Chiodare… un sogno
di Michele Guerrini
- Con il bus di linea n.8 dalla stazione di Vicenza arrivo in piazza a Lumignano e dopo una breve camminata, sotto la famosa PARETE (a quel tempo esisteva solo la “classica”), con il compagno Francesco (Pellizzari).
La falesia di Lumignano classica
Scaliamo la Maruska e poi proviamo il Diedro della Sbrega come ci aveva consigliato Don Gastone durante un pomeriggio di allenamento nella palestra di Gogna.

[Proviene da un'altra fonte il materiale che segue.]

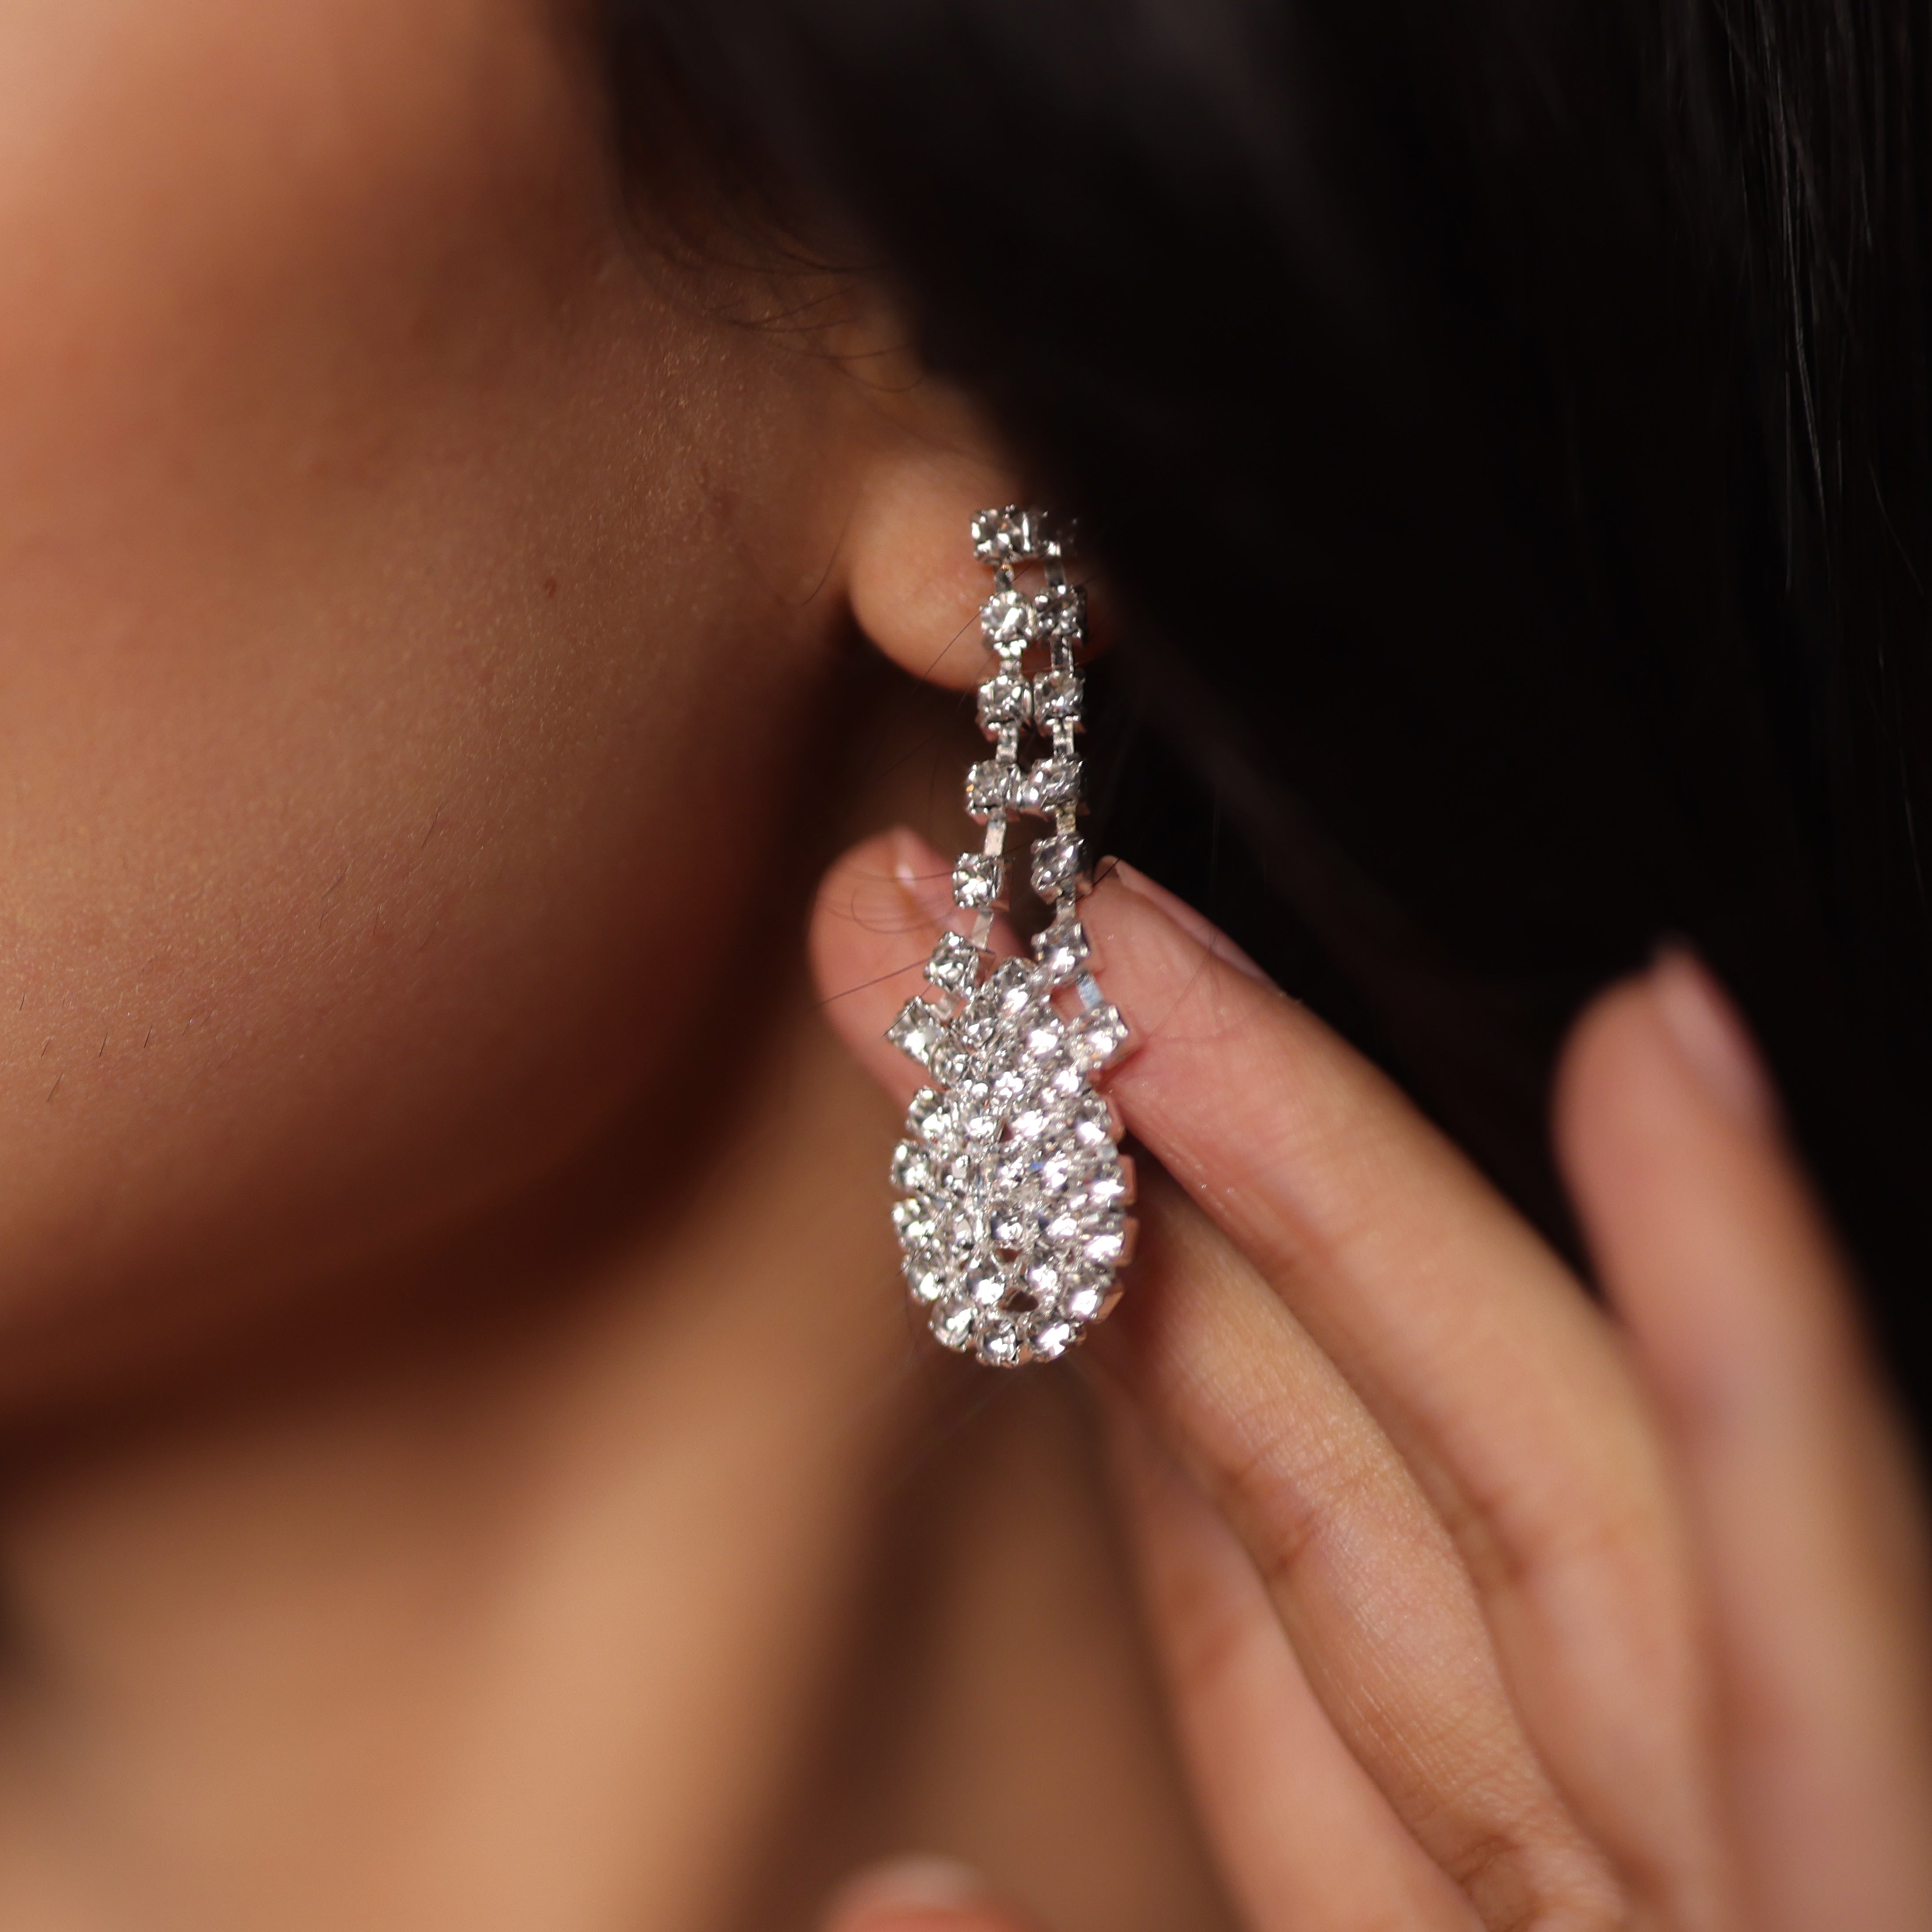 Vintage Drop Earrings - Screw Back - Diamante Rhinestone Dangles | eBay

15 metri senza un chiodo poi finalmente ne trovo uno ad anello, ma subito dopo non riesco a passare… Pianto un chiodo, lo accoppio a un nut e recupero il compagno.
Dopo alcuni tentativi siamo costretti a fare una doppia… (naturalmente recupero il nut e quindi mi calo sul chiodo che ho appena piantato).

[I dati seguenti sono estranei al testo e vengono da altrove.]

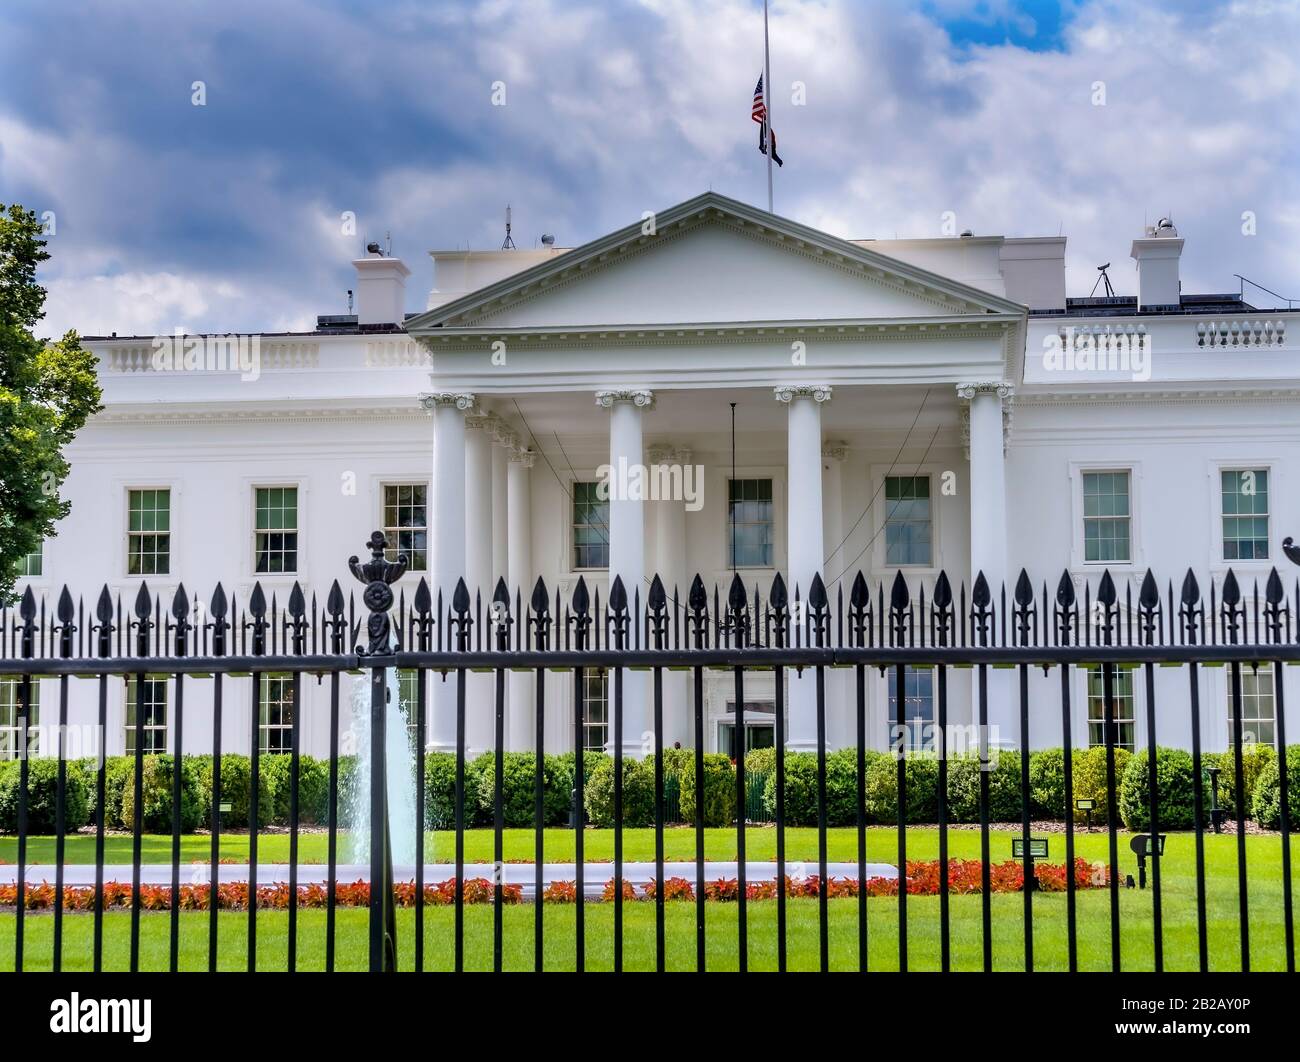 Black Fence Presidential White House Pennsylvania Ave Washington DC. Stock Photo

A quel tempo si scalava con il casco, fettucce a tracolla, moschettoni sciolti all’imbrago (completo), dadi (i friend non erano ancora arrivati…) chiodi e martello.

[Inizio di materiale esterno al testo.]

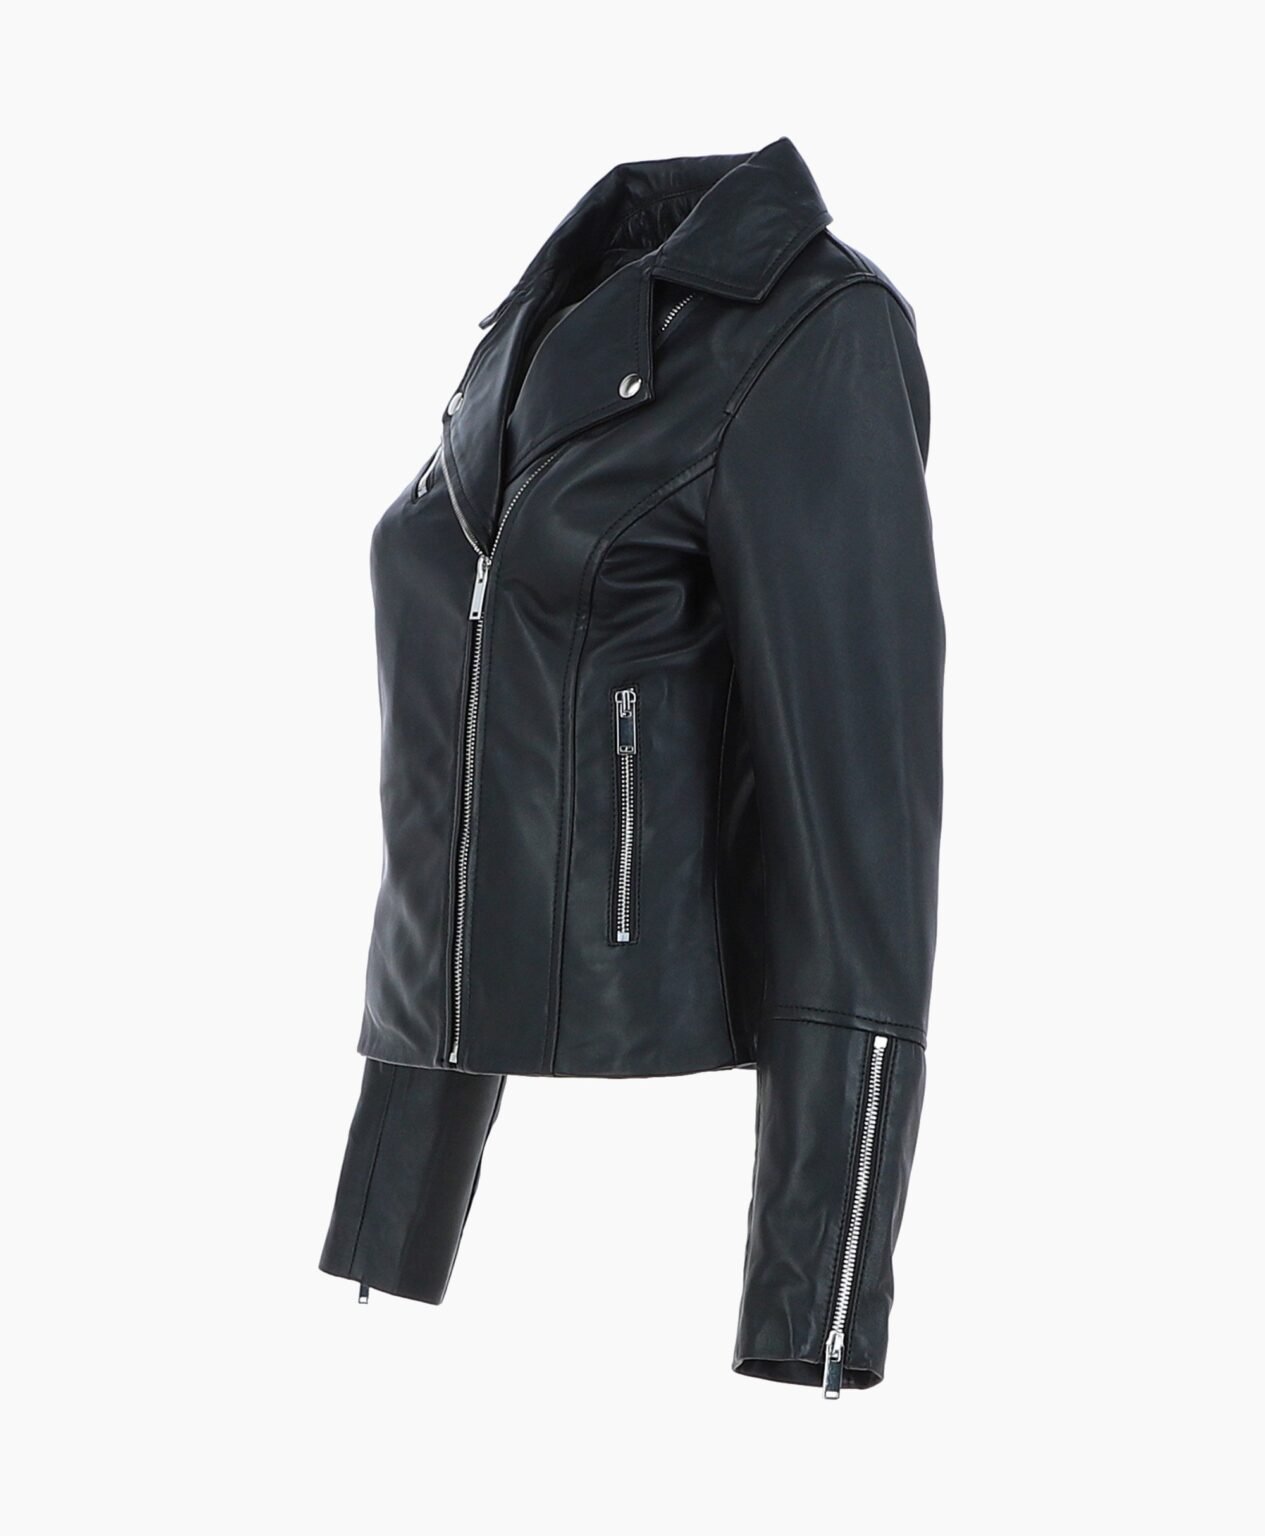 vogue-jacket-leather-biker-jacket-black-greeley-image201

- Torno a Lumignano e ripeto la Maruska ed il diedro della Sbrega (sperando di trovare il mio chiodo che nel frattempo avevano già tolto…), fessura Rossi, spigolo Conforto e provo lo Spigolo della Sbrega (allora gradato VI e A0), che a fatica riesco a fare (in A0).
- Sono due anni che mi alleno frequentando la palestra di roccia di Gogna (VI) e questa volta con Francesco (Marin) vado a Lumignano e ognuno per conto proprio ci scaldiamo salendo (slegati) la Conforto, scendendo dalla Rossi, poi pancia classica e ci leghiamo per provare lo Spigolo della Sbrega che viene così liberato (VI+).
Nei mesi precedenti Ugo (Simeoni) ha chiodato una placca con chiodi a pressione (unici ancoraggi artificiali utilizzabili su placche compatte) e così proviamo anche quella… Sarà forse il primo VII grado di Lumignano.
Anche Renato (Casarotto) ha chiodato due vie: uno spigolo tra la Conforto e la nuova via Simeoni (con 5 chiodi normali, uno dei quali “rubato” al mercato di Feltre) e una a destra della pancia classica proprio sopra l’Ulivo di Mario che segna l’arrivo del sentiero alla falesia.
Penso che la via di Renato sia stata la prima a essere chiodata calandosi dal bosco soprastante, provata con la corda dall’alto e poi ripetuta dal basso (un chiodo a pressione accoppiato a un Cassin dal profilo a U dopo i primi 8 metri e subito dopo un bel blocco di sinistro da eseguire in modo deciso in quanto la discesa non sarebbe stata delle più semplici; il secondo accoppiato con un camp in acciaio duro ai piedi del passo chiave e l’ultimo a circa 8 metri dalla sosta formata da un cordone su albero…).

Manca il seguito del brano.